Studio album by Jeanette
- Released: 12 November 2001
- Genre: Pop
- Label: Polydor; Universal;
- Producer: Thorsten Brötzmann; Cobra; Holger Kurschat;

Jeanette chronology
| Enjoy! (2000) | Delicious (2001) | Rock My Life (2002) |

Singles from Enjoy!
- "How It's Got to Be" Released: 2001; "No More Tears" Released: 2002;

= Delicious (Jeanette album) =

Delicious is the second studio album by German pop singer Jeanette Biedermann. It was released by Universal Records on 12 November 2001 in German-speaking Europe.
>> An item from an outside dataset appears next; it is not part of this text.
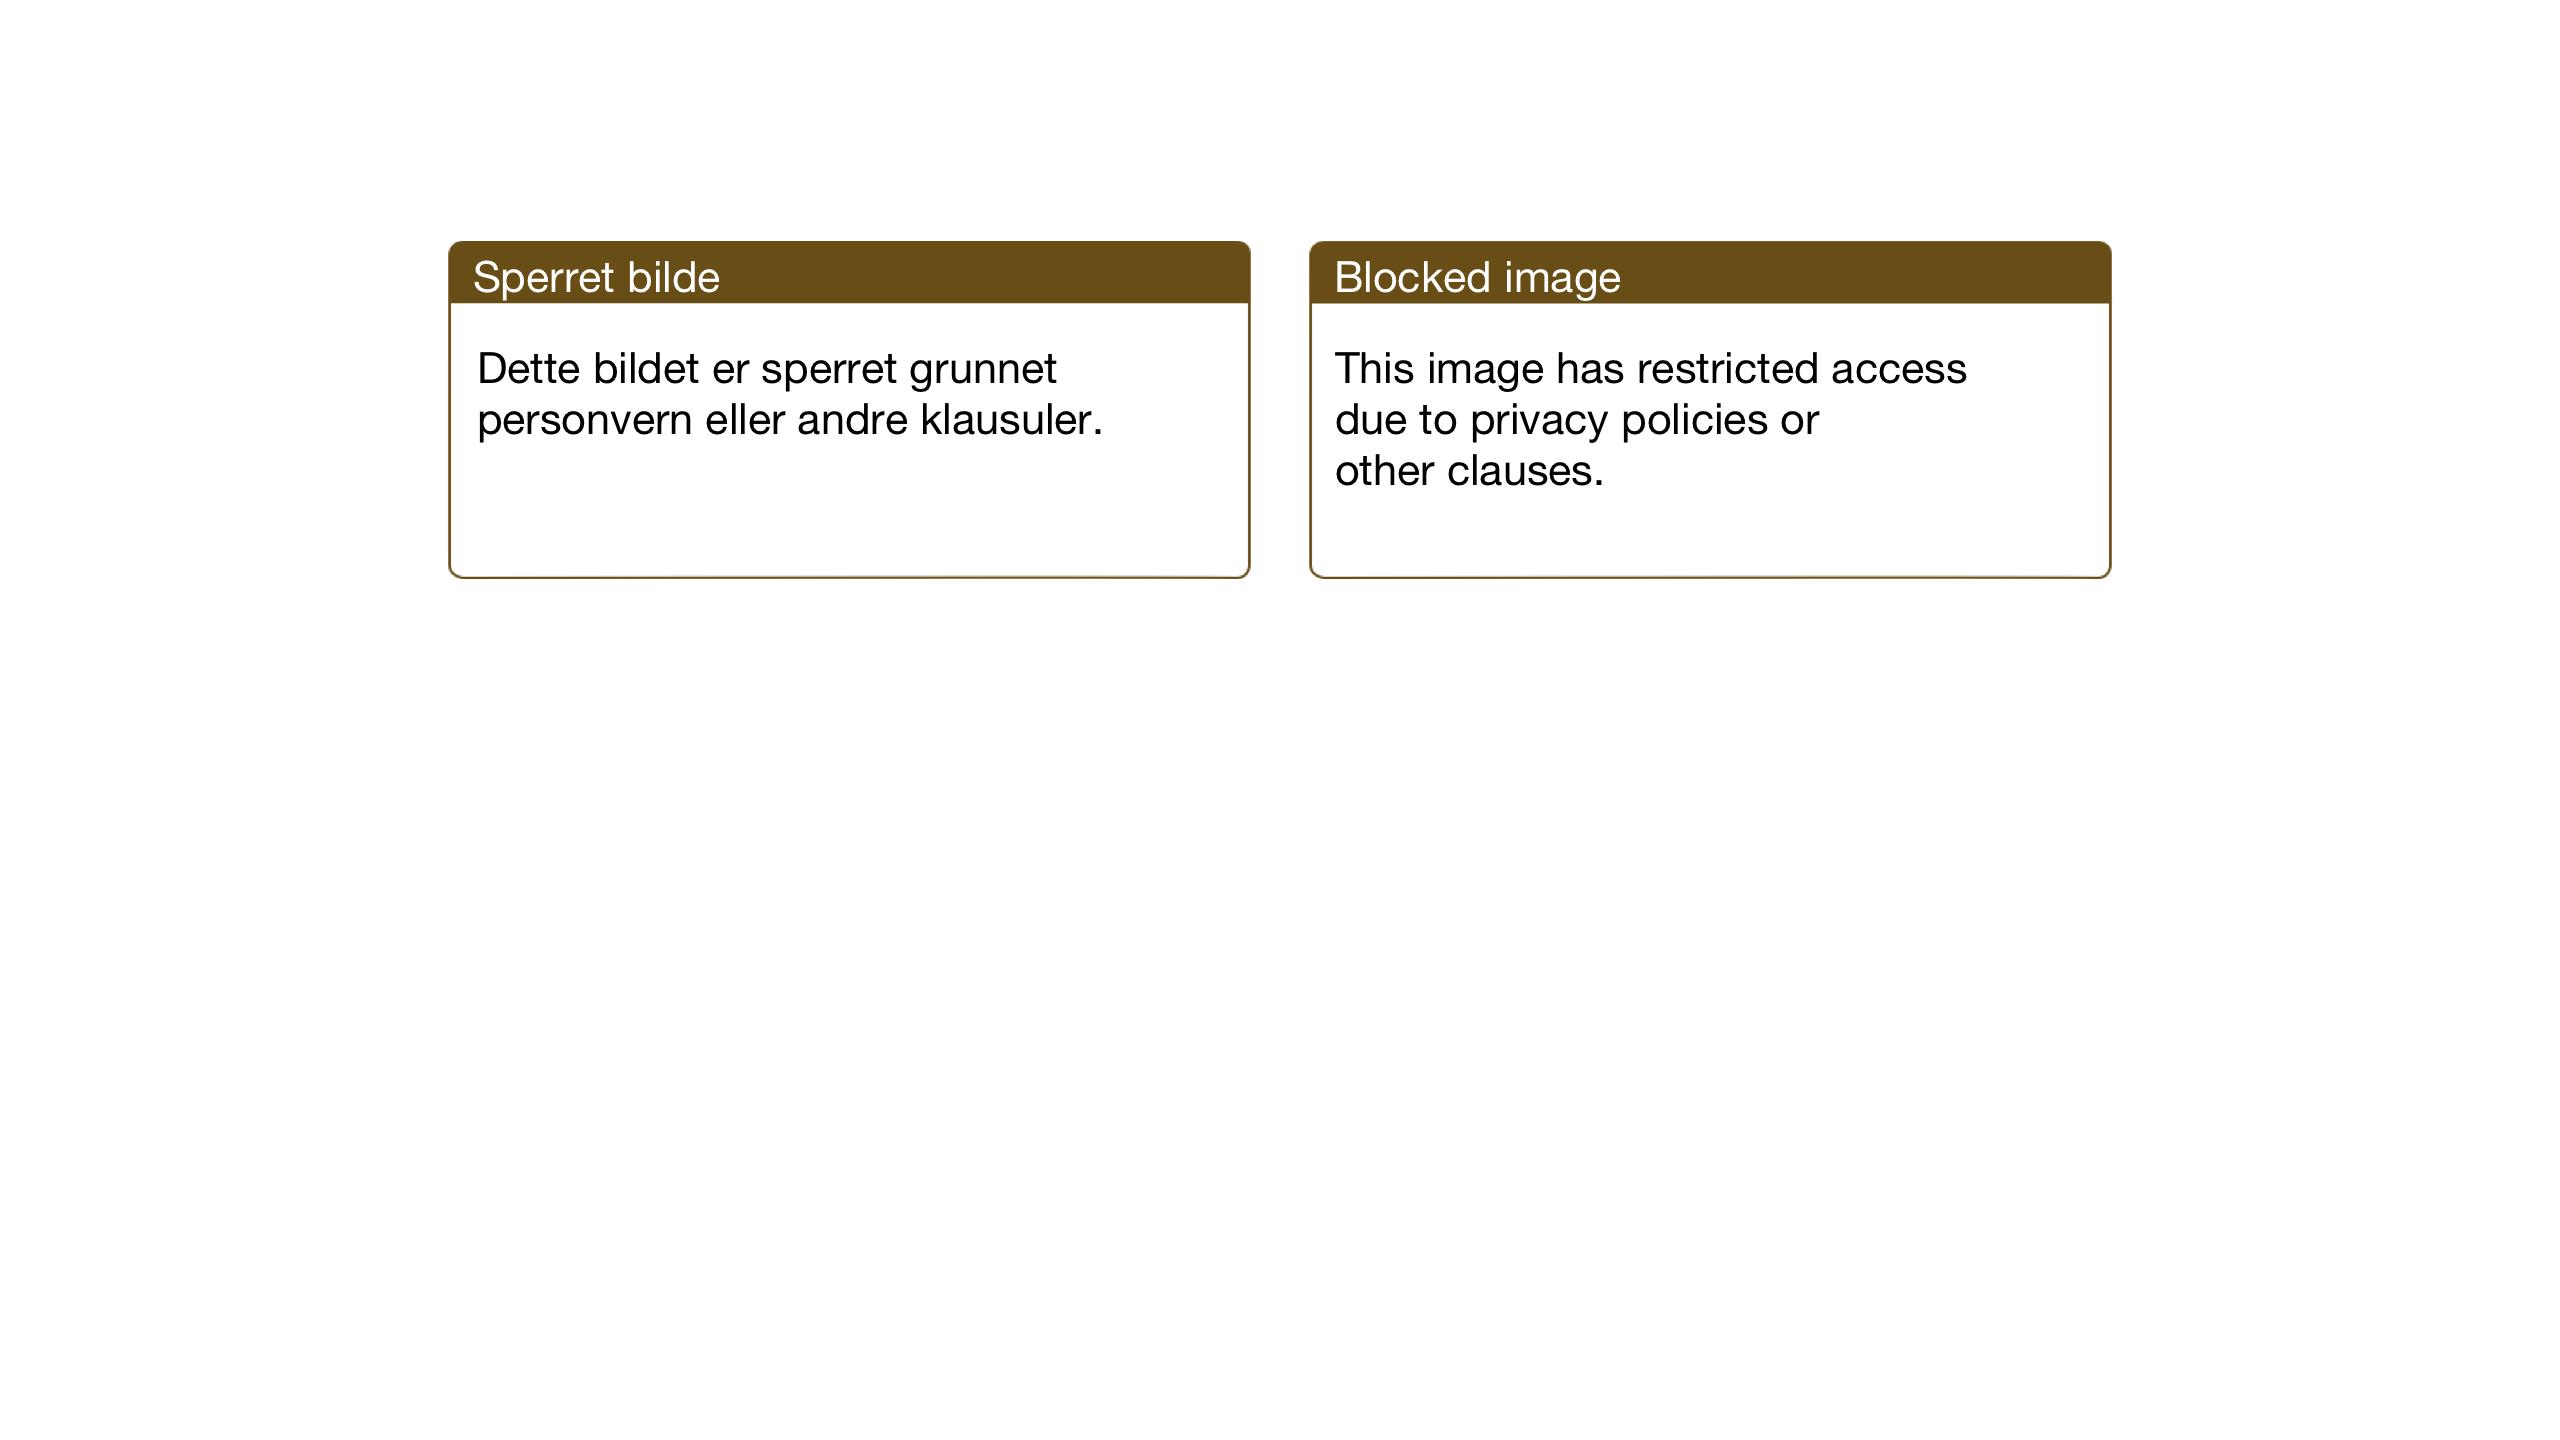 SAT, Ministerialprotokoller, klokkerbøker og fødselsregistre - Nord-Trøndelag, 701/L0019: Klokkerbok nr. 701C03, 1930-1953, s. 8

In 2002, the album was certified gold by the Bundesverband Musikindustrie (BVMI).

==Track listing==

Delicious – Standard edition
| No. | Title | Writer(s) | Producer(s) | Length |
|---|---|---|---|---|
| 1. | "How It's Got to Be" | Biedermann; Wonderbra; | Cobra; | 3:13 |
| 2. | "May Day" | Wonderbra; Mitch Kelly; Frank Johnes; Martin Martinsson; | Cobra; | 3:34 |
| 3. | "You Call Me on the Phone" | Wonderbra; Johnes; Martinsson; | Cobra; | 3:52 |
| 4. | "Happiness" | Wonderbra; Johnes; Martinsson; | Cobra; | 3:31 |
| 5. | "Call Me Jeany" | Wonderbra; Johnes; Tom Remm; Martinsson; | Cobra; Holger Kurschat; | 3:17 |
| 6. | "Stop" | Wonderbra; Johnes; Martinsson; | Thorsten Brötzmann; | 3:15 |
| 7. | "As Long as We're Young" | Mathias Löffler; | Brötzmann; | 3:30 |
| 8. | "No Love" | Wonderbra; Johnes; Martinsson; | Brötzmann; | 3:16 |
| 9. | "My Guy" | Wonderbra; Johnes; Remm; Martinsson; | Brötzmann; | 3:09 |
| 10. | "Can't Wait" | Wonderbra; Johnes; Martinsson; | Cobra; | 3:06 |
| 11. | "Deep in My Heart" | Trad.; Wonderbra; | Cobra; | 4:22 |
| 12. | "No Style" | Wonderbra; | Cobra; | 3:20 |
| 13. | "Tak'n Your Heart" | Wonderbra; Johnes; Martinsson; | Cobra; | 3:31 |
| 14. | "More Than a Feeling" | Bob Parr; Alexander Seidl; | Cobra; | 3:20 |
| 15. | "Amazing Grace" (Acapella Version) | Trad.; Wonderbra; | Cobra; | 2:38 |

Delicious – Limited edition
| No. | Title | Writer(s) | Producer(s) | Length |
|---|---|---|---|---|
| 16. | "No More Tears" | Biederman; Wonderbra; Johnes; Martinsson; | Brötzmann; Werner Becker; | 3:36 |
| 17. | "No More Tears" (Arkona Remix) | Biederman; Wonderbra; Johnes; Martinsson; | Brötzmann; Becker; | 7:53 |
| 18. | "Cinderella" | Biederman; Wonderbra; Johnes; Martinsson; | Johnes; Remm; | 3:00 |

==Additional information==
- How It's Got to Be is based on the classic tune Swan Lake by Peter Tchaikovski.
- Deep In My Heart is based on Adagio in G minor by Remo Giazotto.

==Charts==

| Chart (2001) | Peak position |
|---|---|
| Austrian Albums (Ö3 Austria) | 70 |
| German Albums (Offizielle Top 100) | 16 |
| Swiss Albums (Schweizer Hitparade) | 60 |

==Certifications==

| Region | Certification | Certified units/sales |
| Germany (BVMI) | Gold | 150,000^{^} |
^{^} Shipments figures based on certification alone.